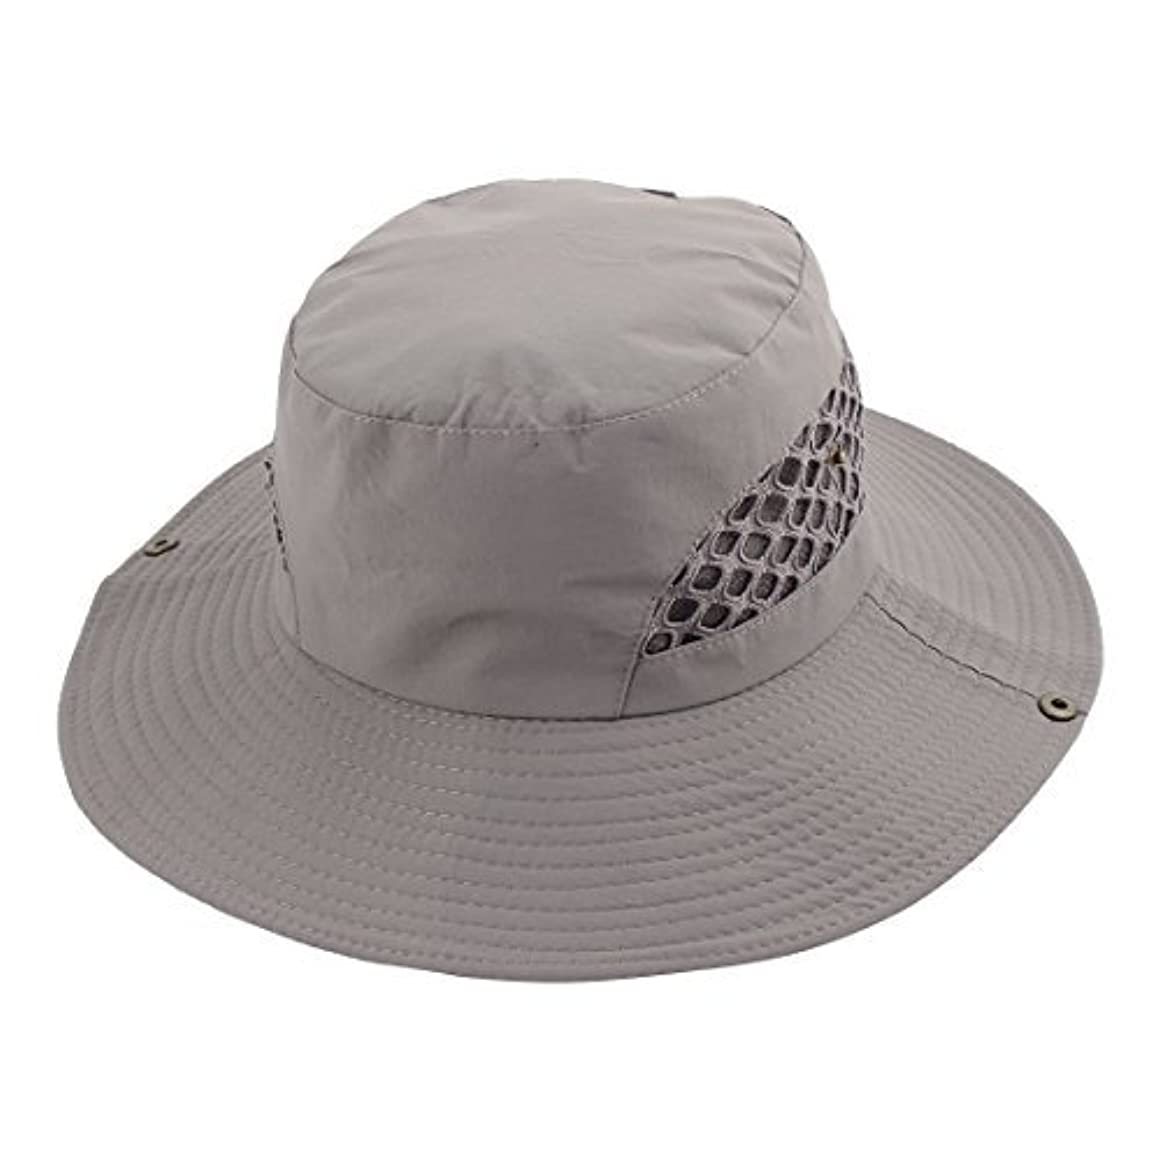 DealMux漁師アウトドアフィッシングハイキングの旅行クライミングハンティングつば広帽子帽子日バケットハットメッシュ
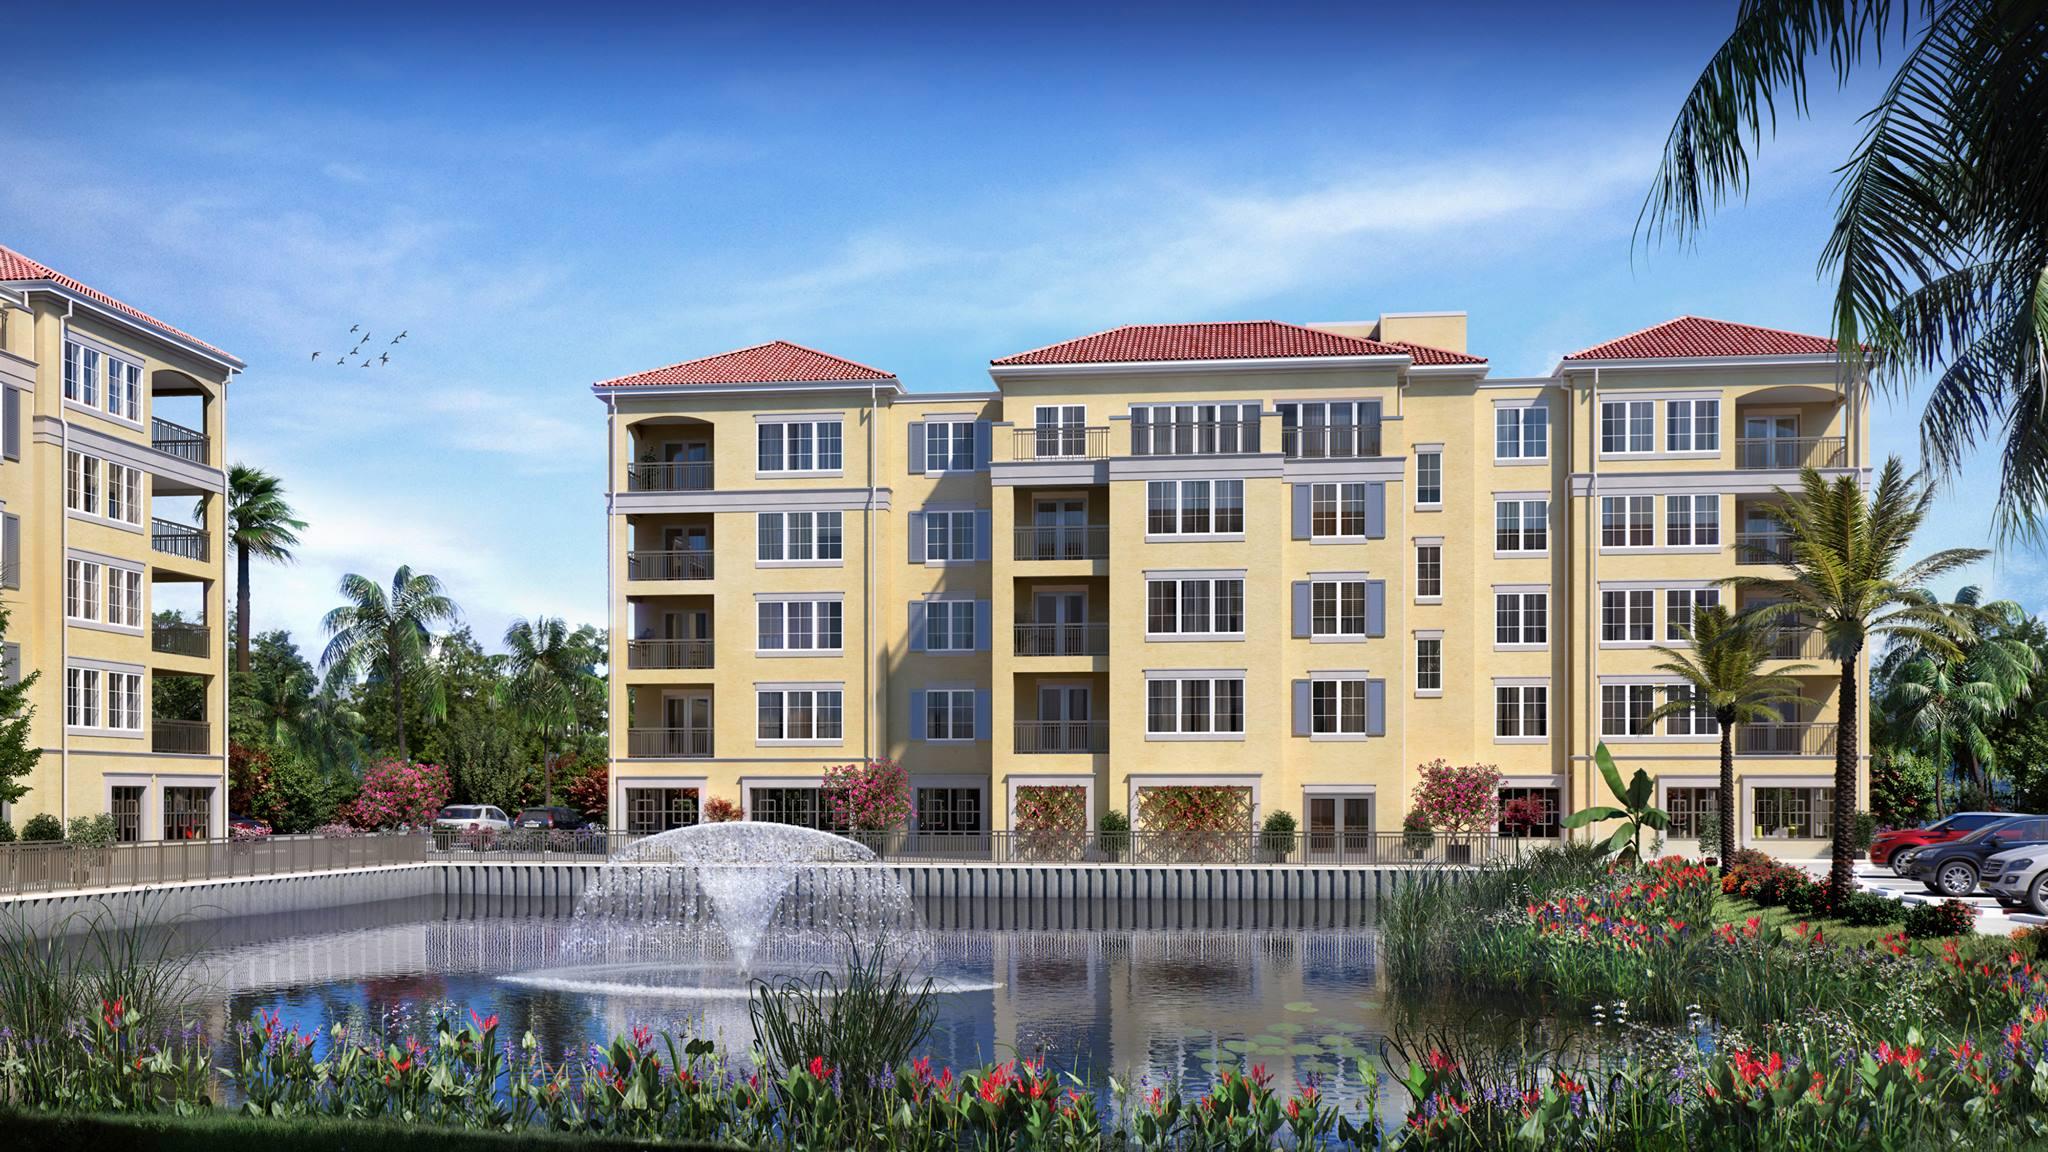 Village on the Isle - Venice, FL
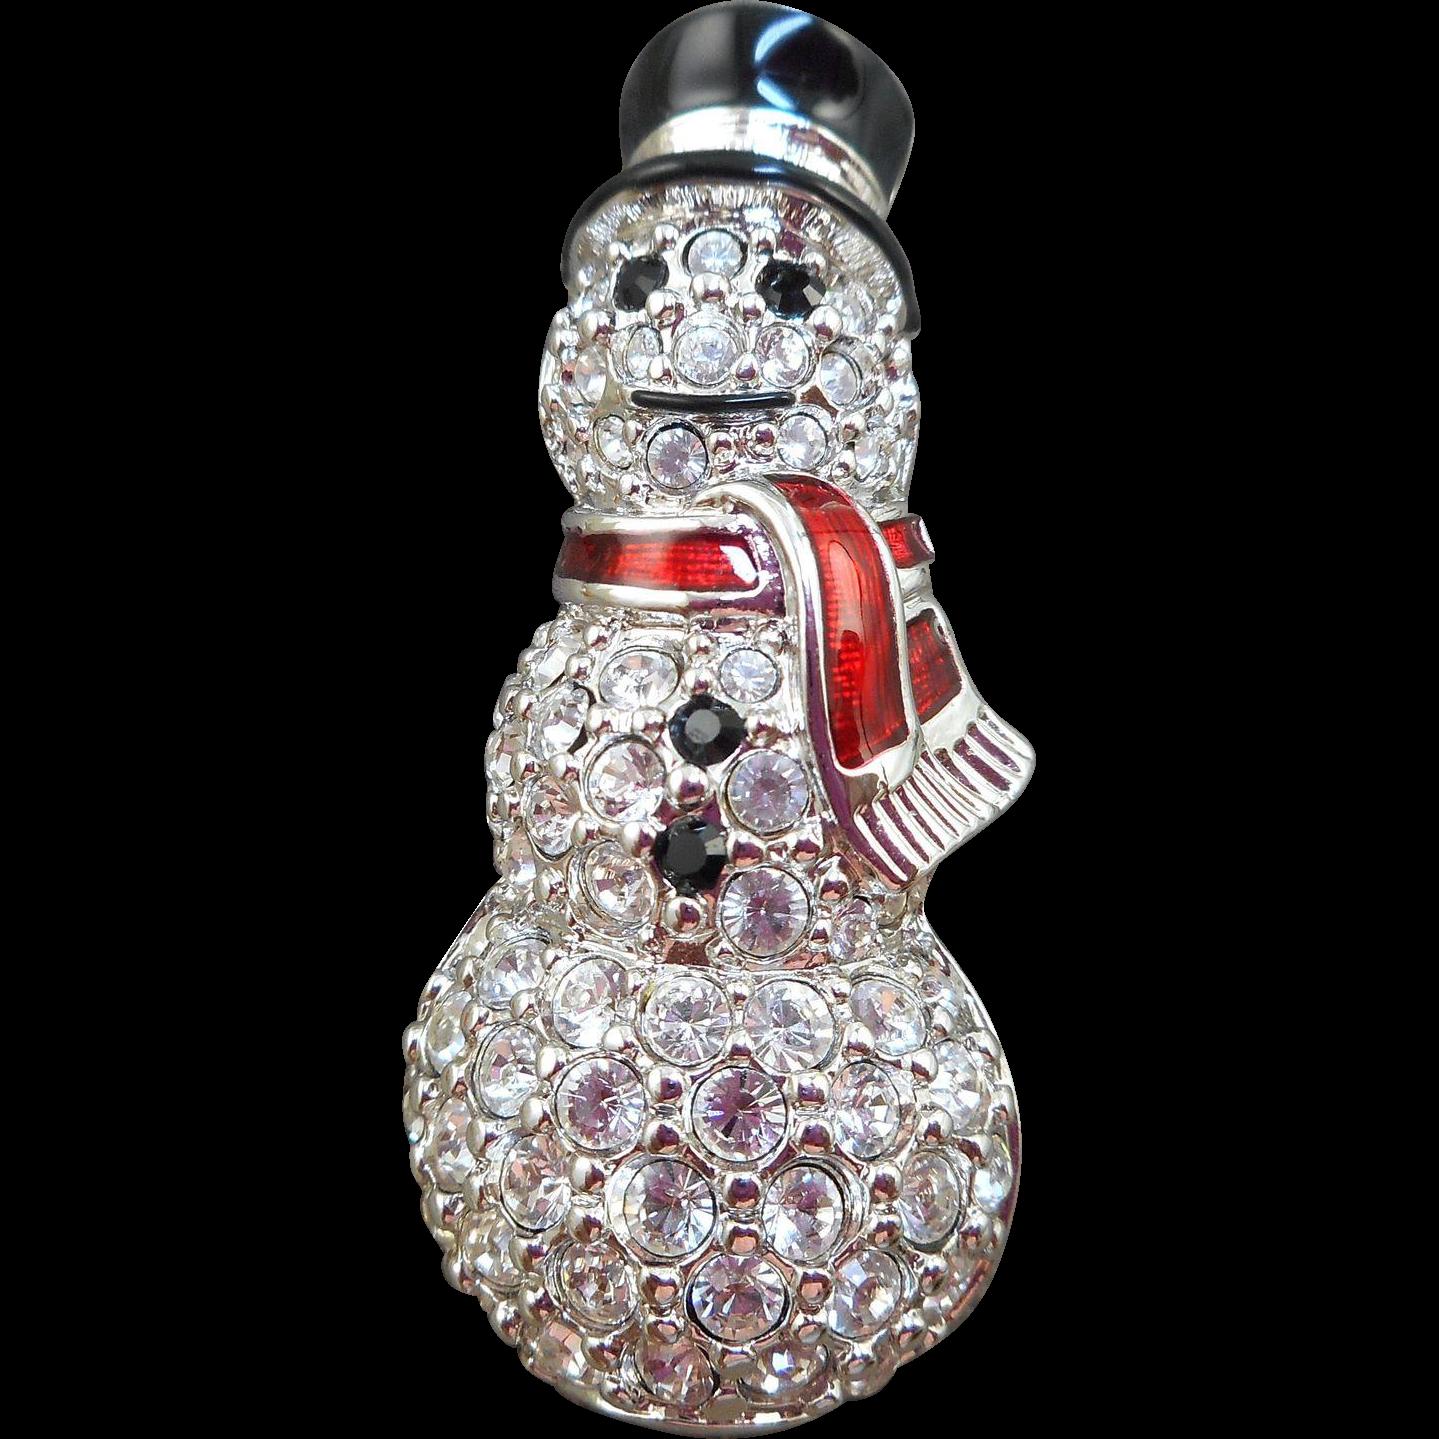 Swarovski Snowman Brooch

□ □ □

## Task to complete
In full and without changes, repeat the listing above, but not its pictures.

## Answer below
 DealMux漁師アウトドアフィッシングハイキングの旅行クライミングハンティングつば広帽子帽子日バケットハットメッシュ
 Village on the Isle - Venice, FL
 Swarovski Snowman Brooch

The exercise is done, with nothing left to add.